Member of Legislative Council Karnataka
- In office 1984–1990

Member of Legislative Assembly Karnataka
- In office 1994–1999
- Preceded by: Veerendra Patil
- Constituency: Chincholi, Karnataka
- In office 2004–2008
- Preceded by: Kailashnath Patil
- Constituency: Chincholi, Karnataka

Minister of Horticulture of Karnataka
- In office 1984–1989

Minister of Urban Development excluding Bengaluru city of Karnataka
- In office 1994–1999

Personal details
- Born: 29 July 1938 Hakkyal
- Died: 2 November 2019 (aged 81)
- Party: Indian National Congress (1999 - 2008, 8 August 2013 – 11 March 2019)
- Other political affiliations: Bharatiya Janata Party (2008 - 2013); Karnataka Janata Paksha (2013 - 2013); Janata Dal (1990–1999); Janata Party (1977–1990);
- Alma mater: BVB degree college Bidar (1964), SSL law college Gulbarga (1968)

= Vaijnath Patil =

Indian politician and social worker (1938–2019)

Vaijanath Sangappa Patil (29 July 1938 – 2 November 2019) was an Indian politician and social worker who was the Minister of state for Minister of Urban Development (excluding Bangalore) of Karnataka from 1994 to 1999. He was also Minister of Horticulture of Karnataka from 1984 to 1989.

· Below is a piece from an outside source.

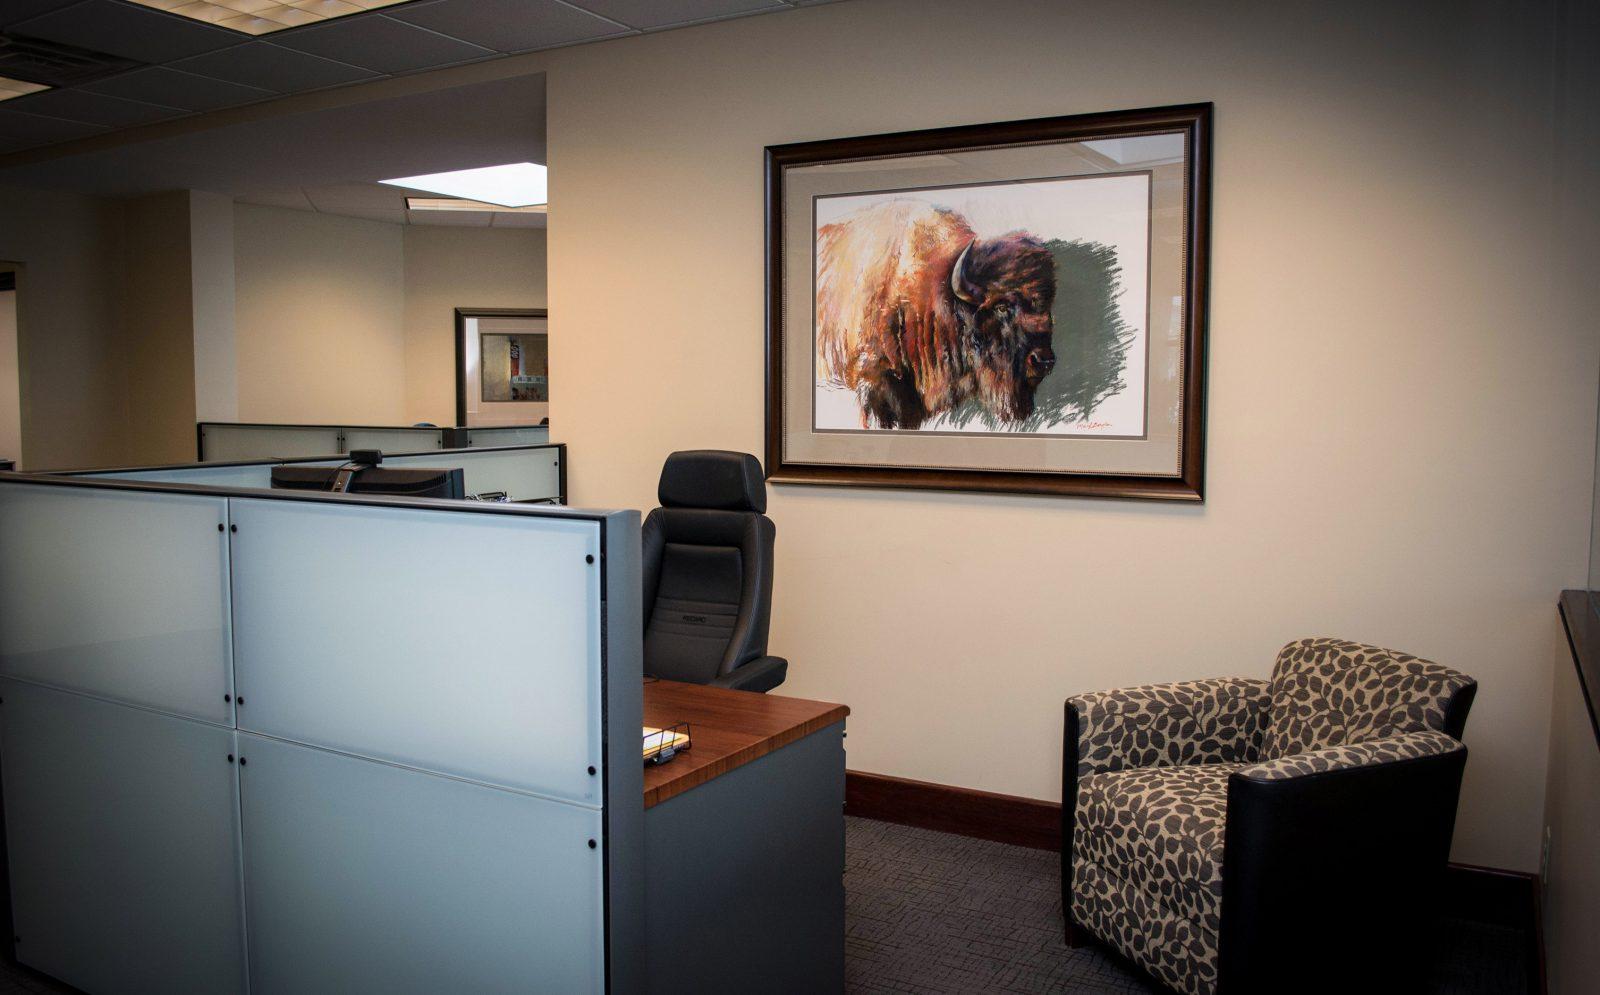 framed buffalo artwork on the wall of an office
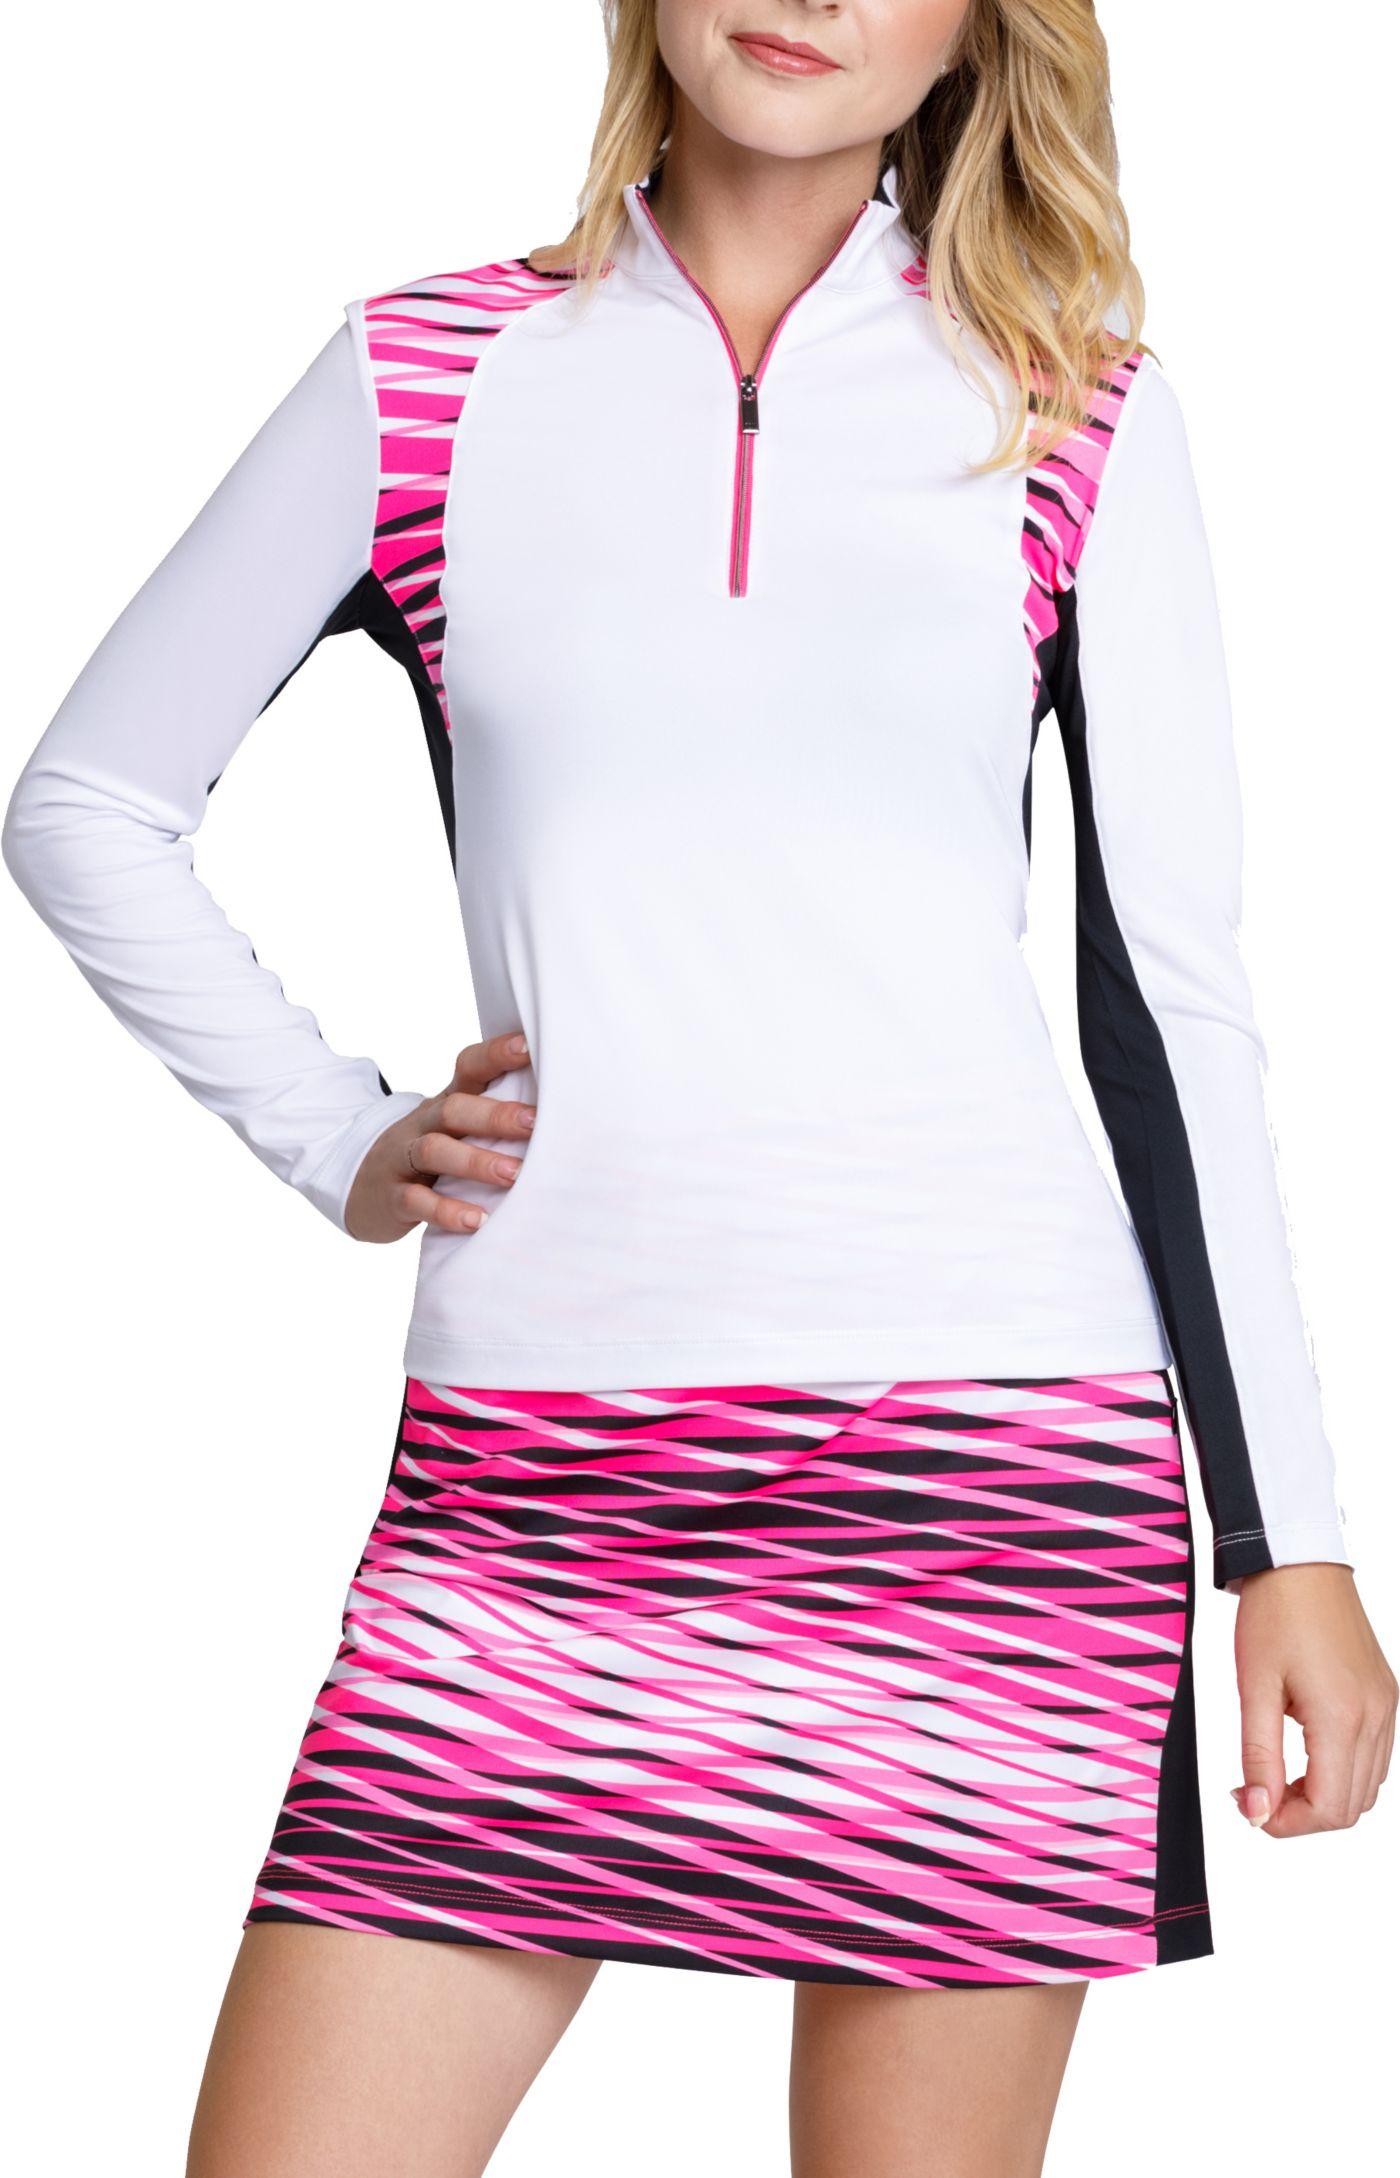 Tail Women's Long Sleeve Mock Neck Golf Top

==Early life and education==
Patil was born on 29 July 1938 in agricultural family at Hakyala village of Aurad taluk Bidar district. He completed his BA at BVB degree college Bidar, and LLB from SSL law college in Gulbarga. For his service to society Gulbarga University conferred an honorary doctorate upon him during its 31st Annual Convocation.

==Politics==
He served as Minister for Horticulture in the Ramakrishna Hegde government in 1984 and as Urban Development Minister in the Deve Gowda government in 1994. Vaijnath Patil was elected MLA from Chincholi constituency two times and MLC from Gulbarga constituency.